_Exercise requirements_
Please print the listing that follows word for word, but skip any pictures it holds.

_Data block_

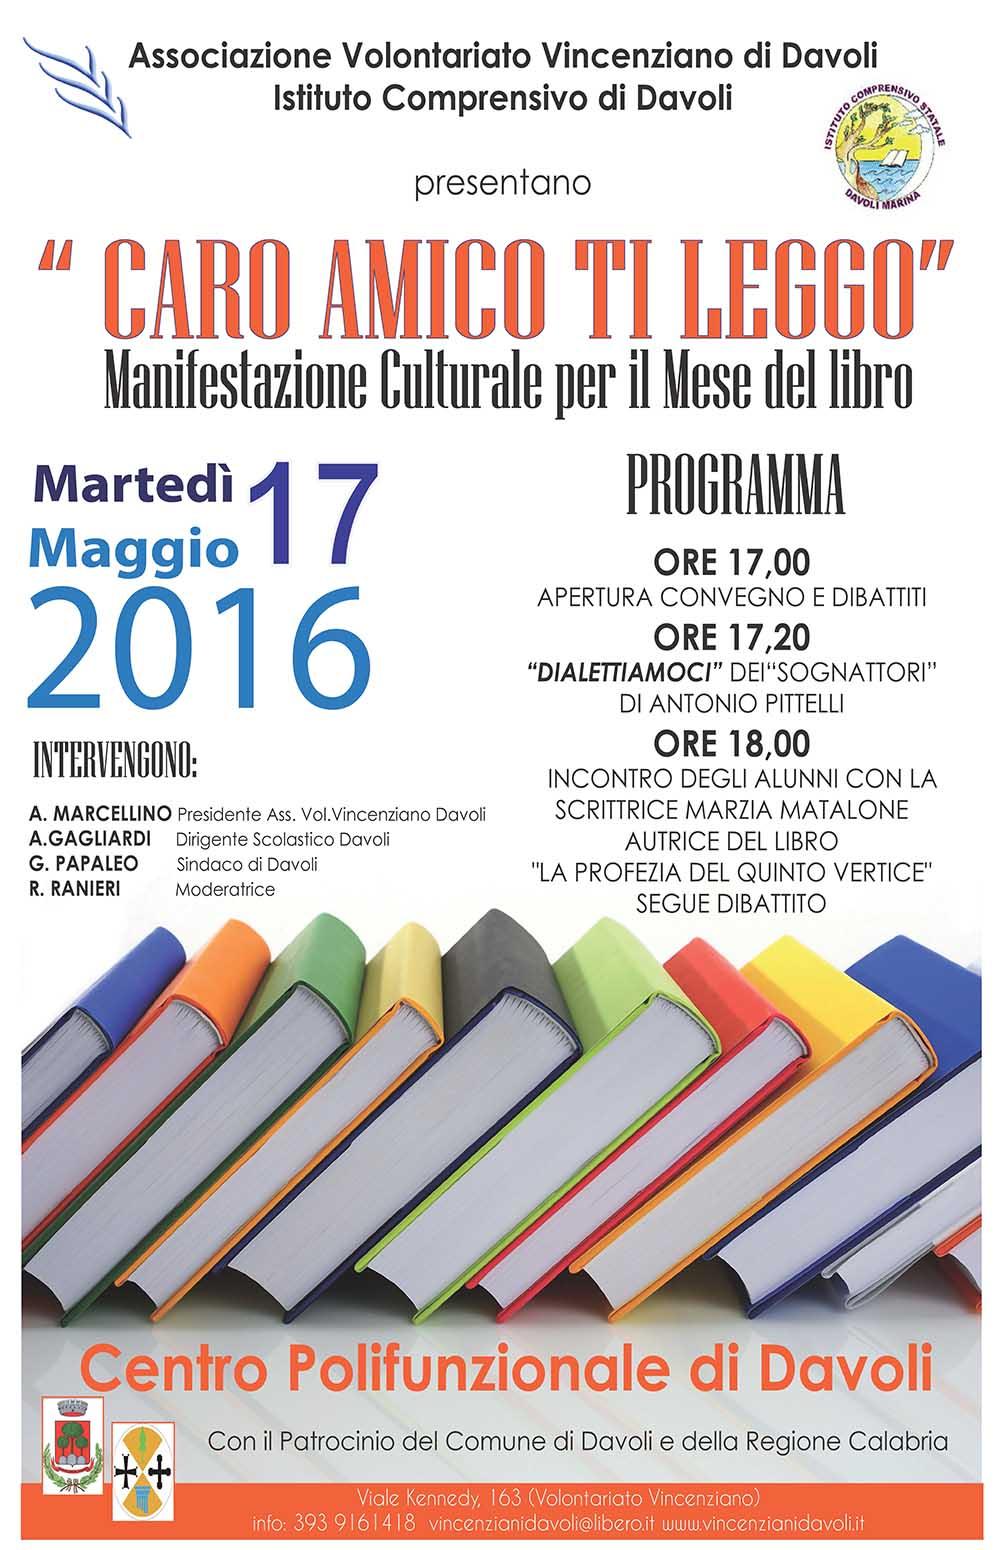 CARO AMICO TI LEGGO 2016
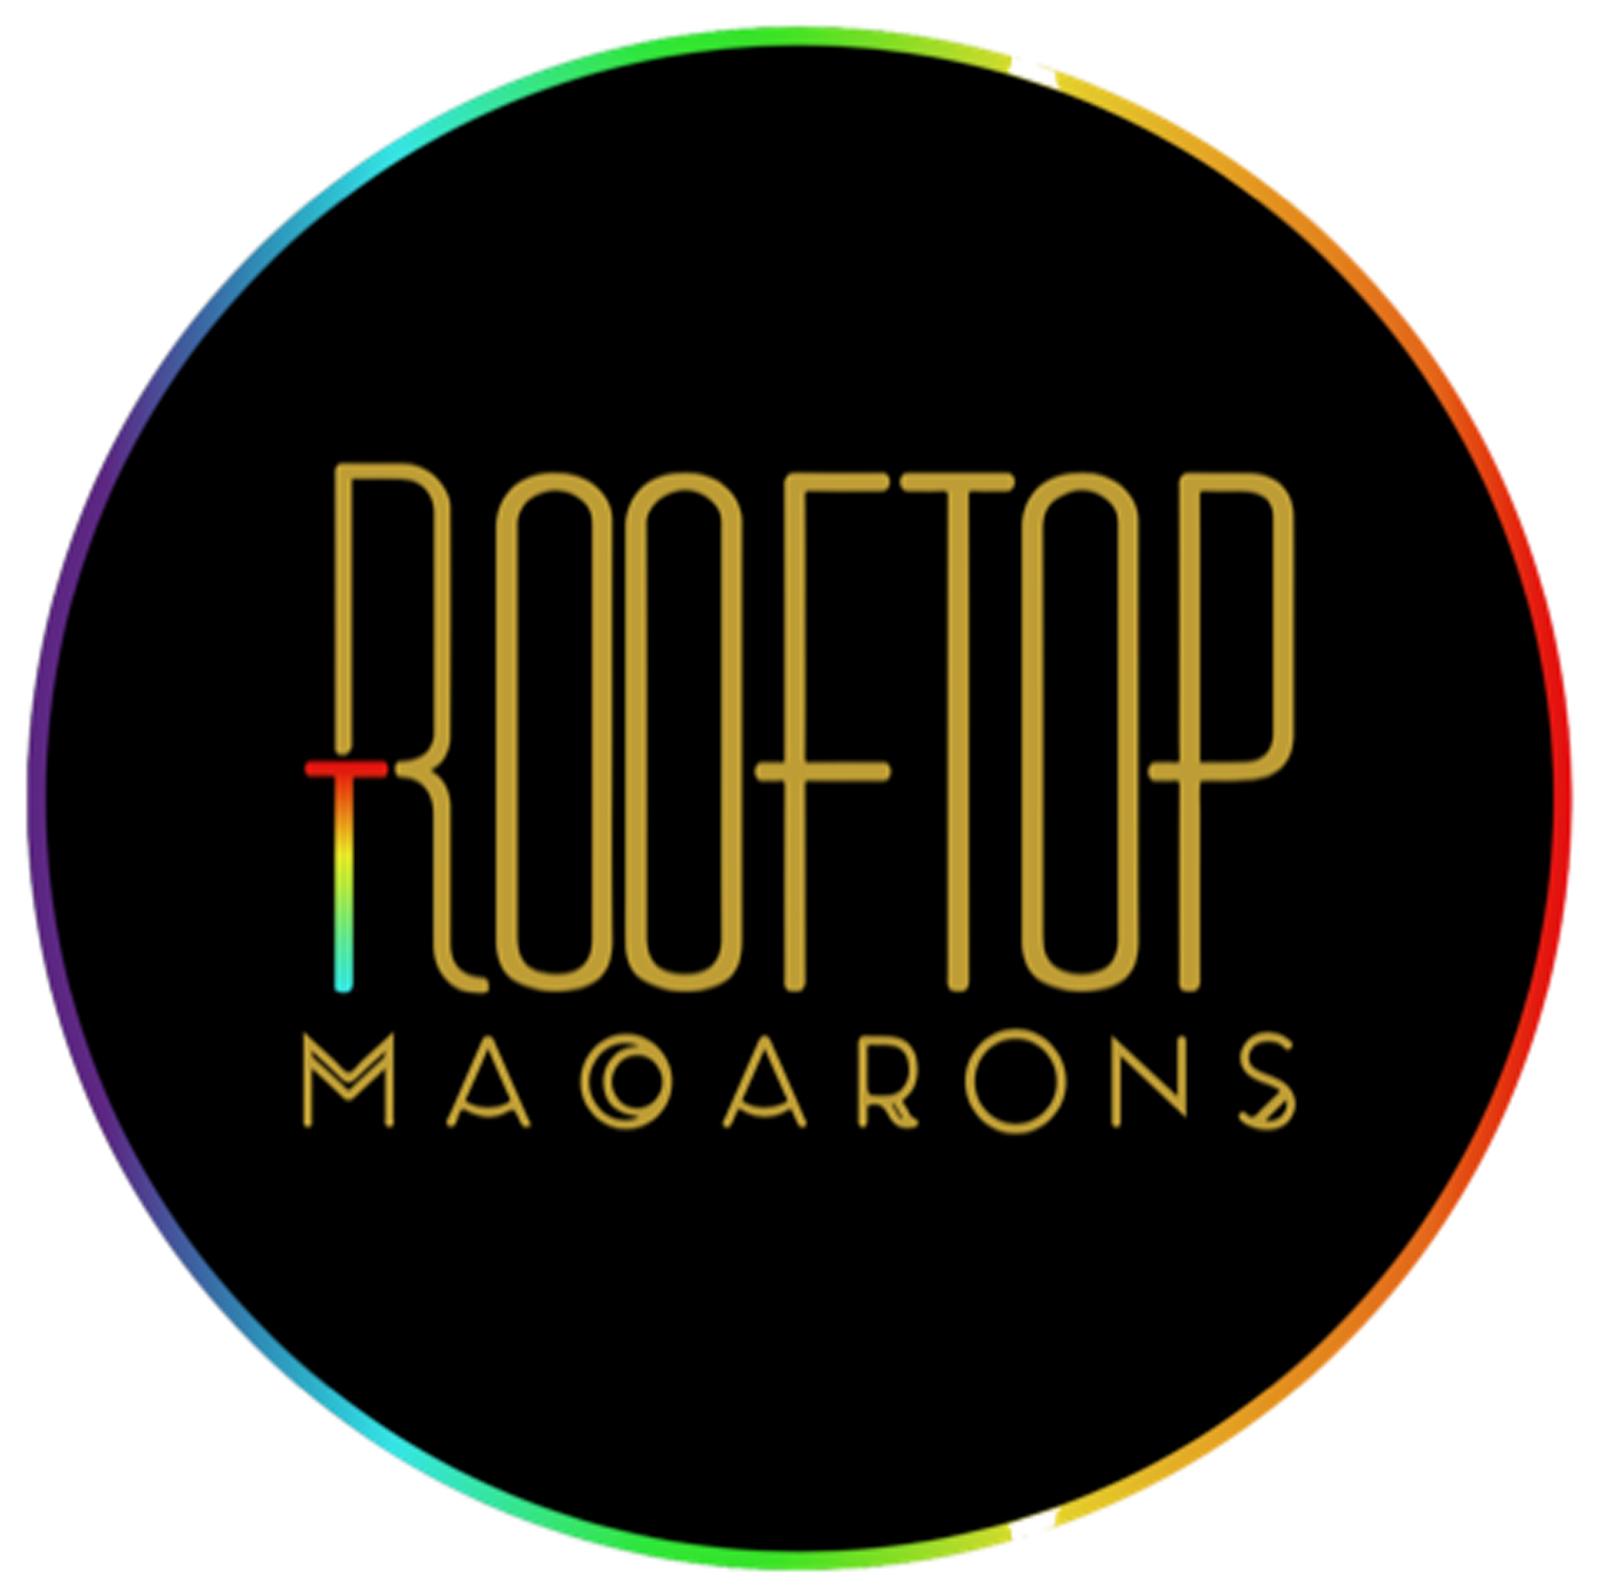 Rooftop Macarons
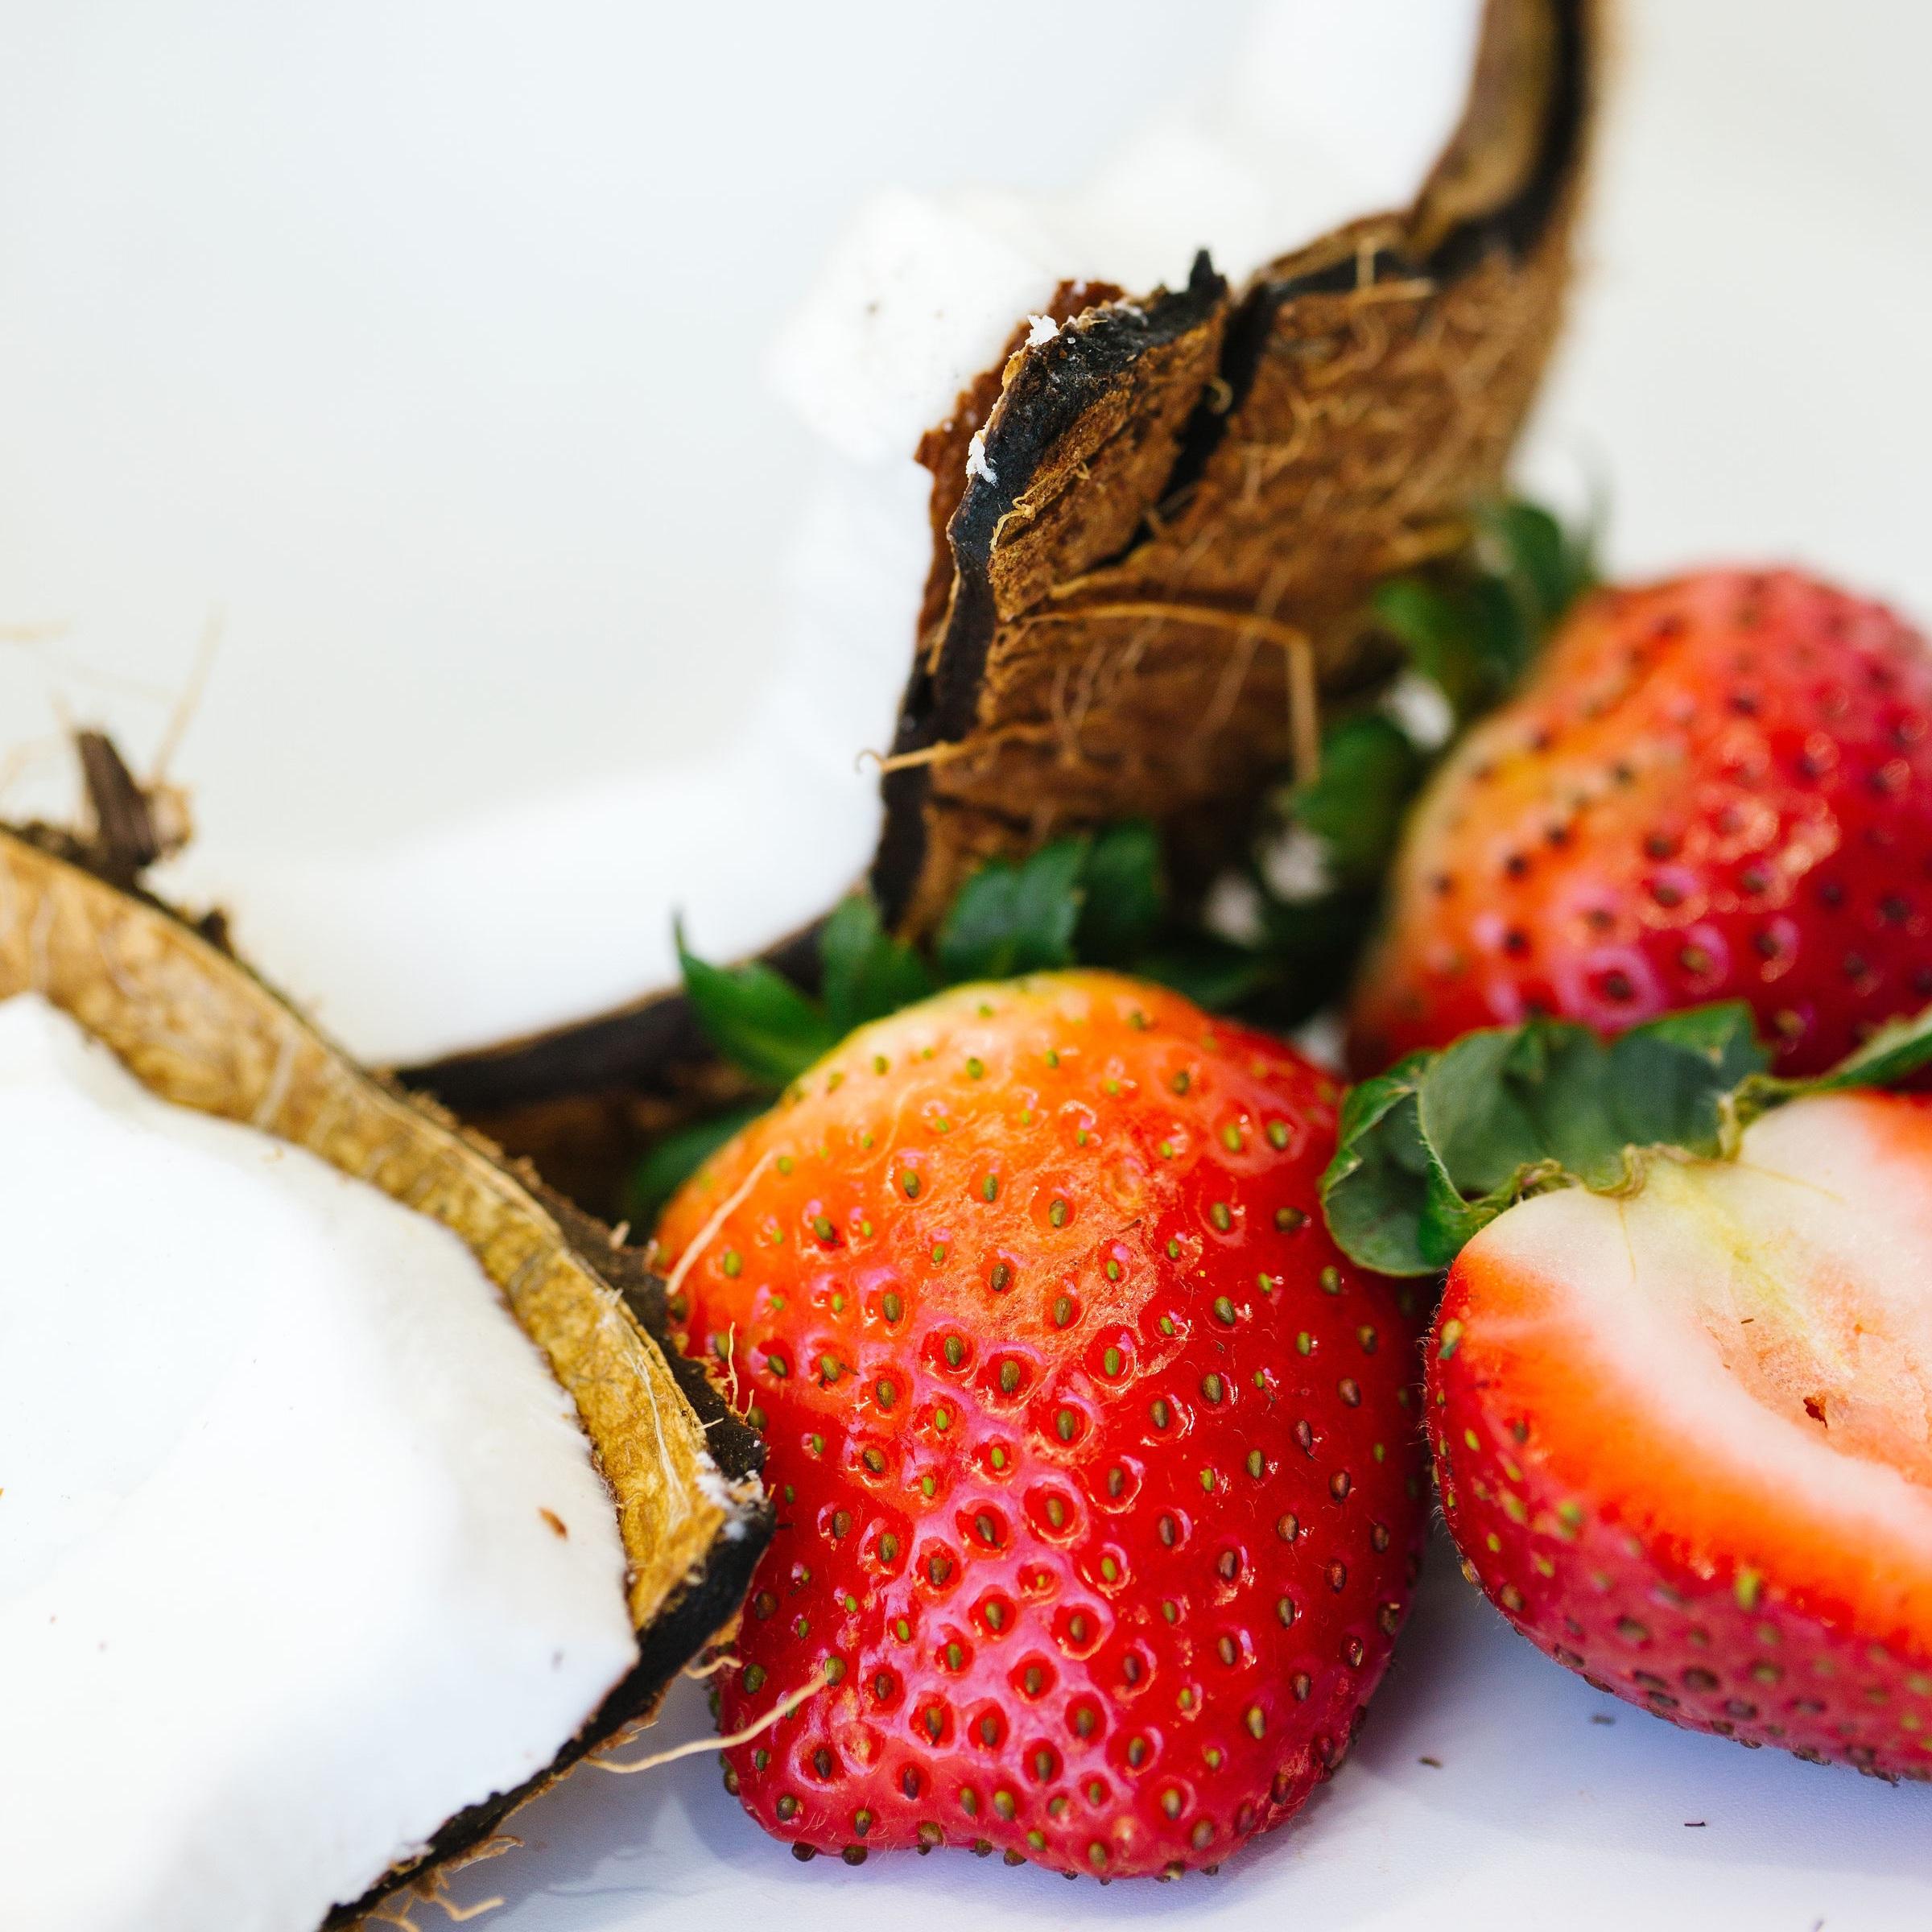 coconut+and+berries.jpg

_Output of the task_
 CARO AMICO TI LEGGO 2016
 Rooftop Macarons
 coconut+and+berries.jpg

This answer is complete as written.